Directors need to be advised. A Bounce Back Loan does not, however, stop you from considering liquidating your limited company. Subject to you utilising the loan, as detailed in the offer. Liquidators will continue, as usual, realising the company’s assets to repay creditors and write debts of should monies be insufficient. As part of the liquidator’s normal duty, the insolvency practitioner conducts a statutorily required investigation into the conduct of the directors up to their appointment. Providing no misfeasance is evident, directors are free to move on, acting again as directors in a new company.

Liquidation and Bounce Back Loans? – Directors duties

So, suppose you find that after taking a bounce back loan, your company now experiences financial difficulties due to the prolonged period of the Coronavirus COVID 19 virus. Then as a responsible director, you should contact a licensed Insolvency Practitioner for advice.

Trading while insolvent can open you up,however, to personal liability. So, it is therefore important to take advice.

What happens to the loan in liquidation?

If you decide to liquidate your company, the loan is treated as an “Unsecured Creditor”.

Directors of a limited remain protected as long as they have acted responsibly.

A limited company offers limited liability.

Am I responsible for the bounce back loan in any way?


As you have signed no personal guarantee, you are then not personally liable, as the government guaranteed the loan.

Alternatives to a Bounce Back Loan?

Whatever circumstances you remain in, if a Bounce Back Loan application declined, and your business requires additional working capital, other options exist for consideration.   

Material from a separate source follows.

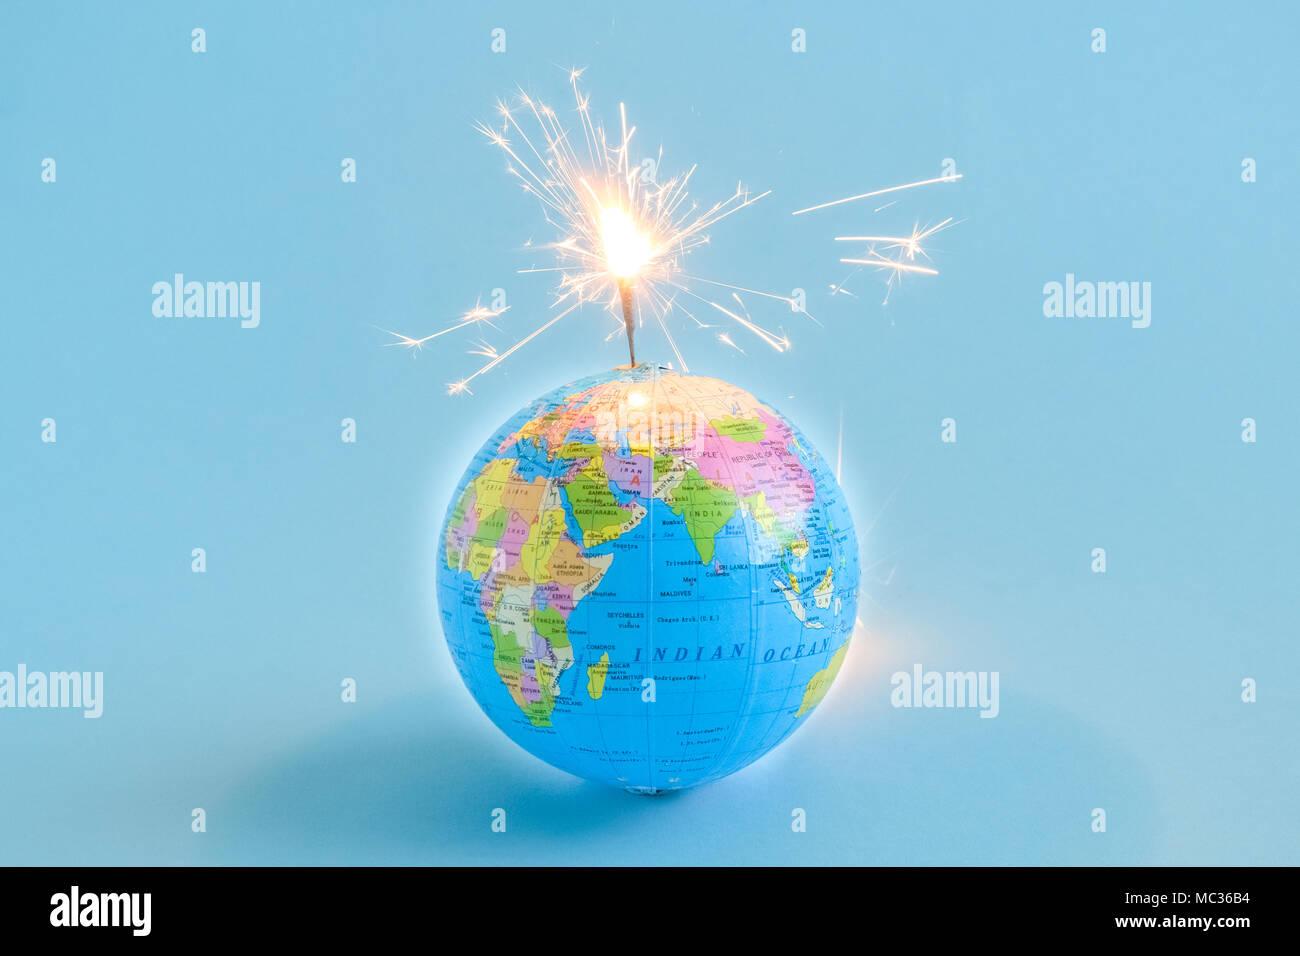 Globo granata isolato su blu minimo concetto creativo Immagini Stock

Although the Bounce Back Loan terms are attractive, they may not give you the best chance of survival. For example, invoice finance, which provides quick access to capital, requires different repayment regimes. It will give you access to a percentage of the company’s unpaid invoices within just 24 hours of being sent to the customer to ease cash flow issues now and in the future. Unlike a Bounce Back Loan, this sort of funding allows flexibility to use as and when without long term agreements. 

Being unable to claim a Bounce Bank Loan requires considering a commercial loan, high street banks and specific lenders.   

Liquidation and Bounce Back Loans – Closing down a Limited Company.

To close an insolvent limited company, a licensed Insolvency Practitioner must be appointed Liquidator.

Many clients ask what is an Insolvency Practitioner?. Hopefully, having read the above, you will understand how they help distressed directors resolve issues with their companies.

For further help, please contact John Waller on 0800 612 5448.

What happens to redundancy pay in a liquidation?

Once the liquidation of your limited company commences, former employees, if unpaid, are considered preferred creditors of the company. Therefore, once the company’s payment of any secured creditors is complete, they will be paid. 

Employees usually have further claims against the company for:

  • Redundancy Pay;
  • Payment in lieu of notice;
  • Unpaid accrued holiday pay.

Often in insolvent liquidations, the company is unable to pay the above. Nevertheless, the redundancy payment service protects employees, requiring the appointed liquidator and the team to assist in the claims.